To investigate the levels of inducible nitric oxide synthase (iNOS) and cytokines, RAW264.7 cells (1 mL, 1× 105 cells/well) were treated with different concentrations of polysaccharides (1, 3, 6, and 12 μg/mL) at 37°C in the presence of 5% CO2 for 18 h. The RNA was extracted from the cells using the TRIzol reagent (Invitrogen, Carlsbad, CA, USA) according to the manufacturer’s protocol and kept at −80°C until use. The concentration of the extracted RNA was measured via a spectrophotometer before constructing cDNA with an oligo(dT)20 primer and Superscript III RT (Invitrogen). The resulting cDNA was amplified by PCR using GoTaq Flexi DNA Polymerase (Promega, Madison, WI, USA). Reverse transcriptase amplification was conducted with an initial denaturation at 94°C for 3 min and 30 cycles of denaturation (94°C for 30 s), annealing (56°C for 40 s) and extension (72°C for 1 min) followed by a final extension step at 72 °C for 10 min. The products of RT-PCR were separated by gel electrophoresis using 1% agarose gel stained with ethidium bromide, and the gels were viewed under UV transillumination (Kodak Digital Science, Kennesaw, GA, USA). The results were expressed by the relative intensity compared with that of β-actin. The sequences of primer used in this experiment were shown in Table 1.

Table 1.

Sequences of oligo (dT) primers used for RT-PCR

Gene Primer sequences (5′→3′)
iNOS Forward CTGCAGCACTTGGATCAGGAACCTG
Reverse GGGAGTAGC CTGTGTGCACCTGGAA
IL-1β Forward ATGGCAACTATTCCAGAACTCAACT
Reverse CAGGACAGGTATAGATTCTTTCCTTT
IL-6 Forward TTCCTCTCTGCAAGAGACT
Reverse TGTATCTCTCTGAAGGACT
IL-10 Forward TACCTGGTAGAAGTGATGCC
Reverse CATCATGTATGCTTCTATGC
IL-12 Forward CCACAAAGGAGGCGAGACTC
Reverse CTCTACGAGGAACGCACCTT
β-Actin Forward ATGTGCAAAAAGCTGGCTTTG
Reverse ATTTGTGGTGGATGATGGAGG

Glycosidic linkage analysis of F1 fraction

The F1 fraction was per-methylated according to the method of Ciucanu and Kerek with slight modifications (16).
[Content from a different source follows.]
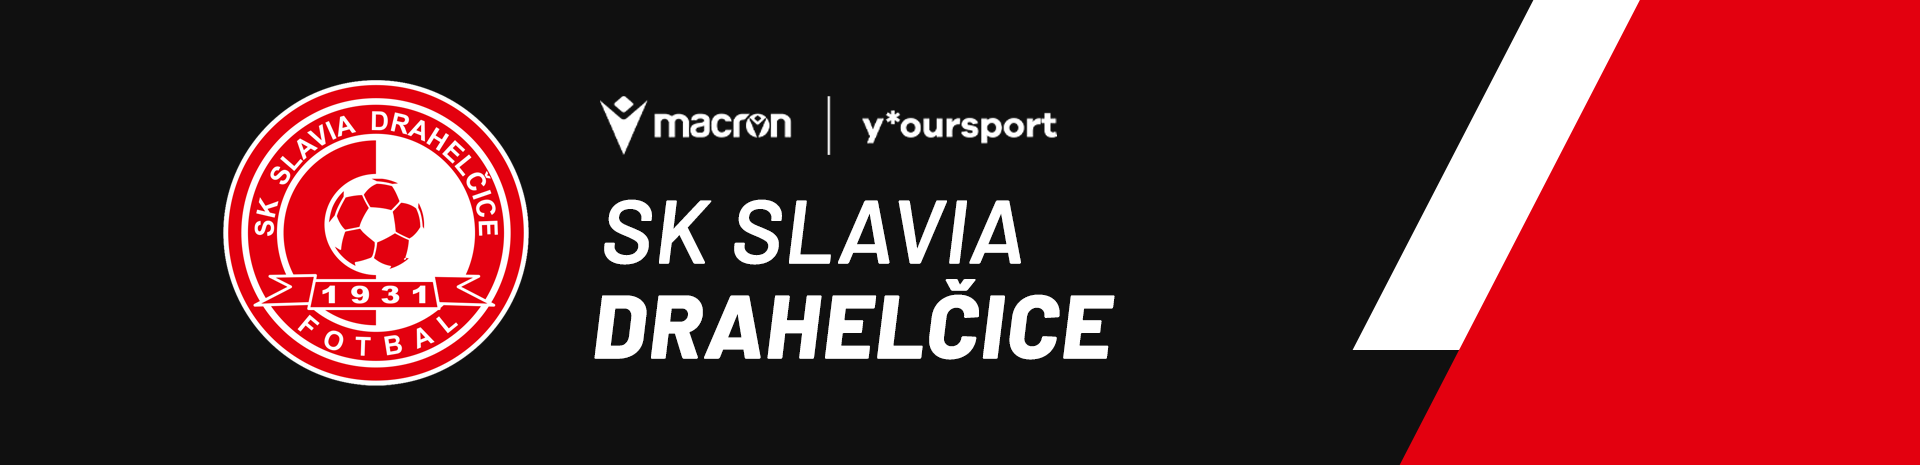 SK Slavia Drahelčice desktop

The samples (3 mg) were dissolved in 0.5 mL of dimethylsulfoxide under nitrogen, and then methylated with 0.3 mL of methyl iodide and 20 mg of dried NaOH powder. Partially methylated alditol acetate was prepared from the fully methylated sample by acid hydrolysis with 4 M TFA at 100°C for 6 h. The hydrolysates were reduced in water with NaBD4, and acetylated with acetic anhydride. The derivative, a partially methylated alditol acetate, was analyzed by GC-MS (6890N/MSD 5973, Agilent Technologies). Helium was used as the carrier gas at a constant flow rate of 1.2 mL/min. The oven temperature was programmed to increase from 160 to 210°C in 10 min and 240°C in 10 min at an increase of 5°C/min. The inlet temperature was kept constant at 250°C. The mass range was 35~450 (m/z), and peak assignments were based on retention time and mass spectra.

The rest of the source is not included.